Dr. Kiran Garimella is the Associate Director for Genomic Medicine in the Data Sciences Platform at the Broad Institute. In this guest blog post, Kiran gives us an overview of MAS-ISO-seq: a new method for high-throughput long-read transcriptome sequencing, collaboratively developed with Dr. Aziz Al’Khafaji (Hacohen/Blainey labs); Jonn Smith (DSP), Dr. Mehrtash Babadi (DSP), and the help and support of many others at the Broad Institute.
You can see the data processing part of the MAS-ISO-seq method in action in the public Terra workspace created by the development team, which features a workflow going from raw PacBio output to properly segmented and filtered reads ready for analysis, configured to run on a publicly accessible example dataset.

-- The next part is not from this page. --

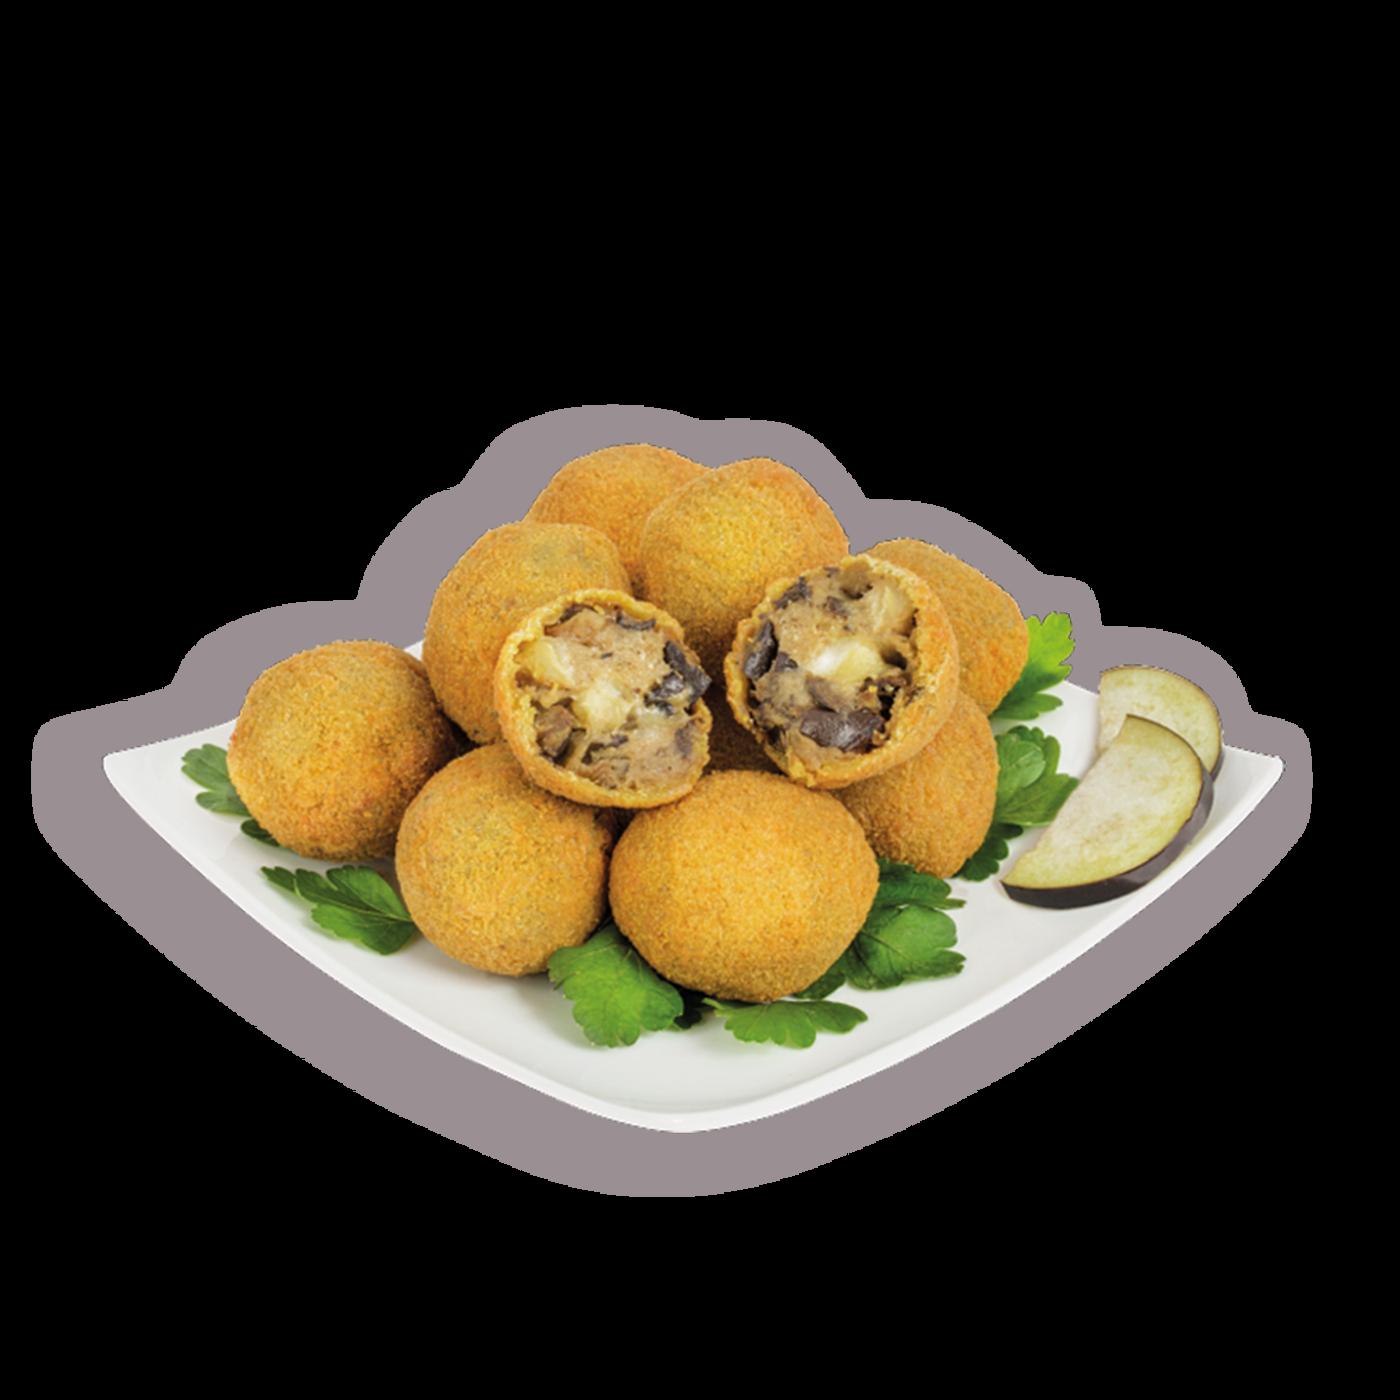 Polpettine de berenjena con mozzarella y provola ahumada

Short reads (~150-200 bp) are the standard brush for painting a picture of gene expression activity. But long read bristles are much finer, revealing more detail than possible with short reads alone. PacBio instruments are capable of generating long (~15,000-25,000 bp) and accurate (~Q30) reads via circular consensus sequencing (aka “HiFi”). As the average gene transcript isoform lengths are only ~1,500 bp, most full-length isoforms are easily capturable. Long reads enable identification of alternatively/aberrantly spliced isoforms and gene fusions, comparison across samples and cell types, all without the need for de novo assembly or other complex reconstruction methodologies.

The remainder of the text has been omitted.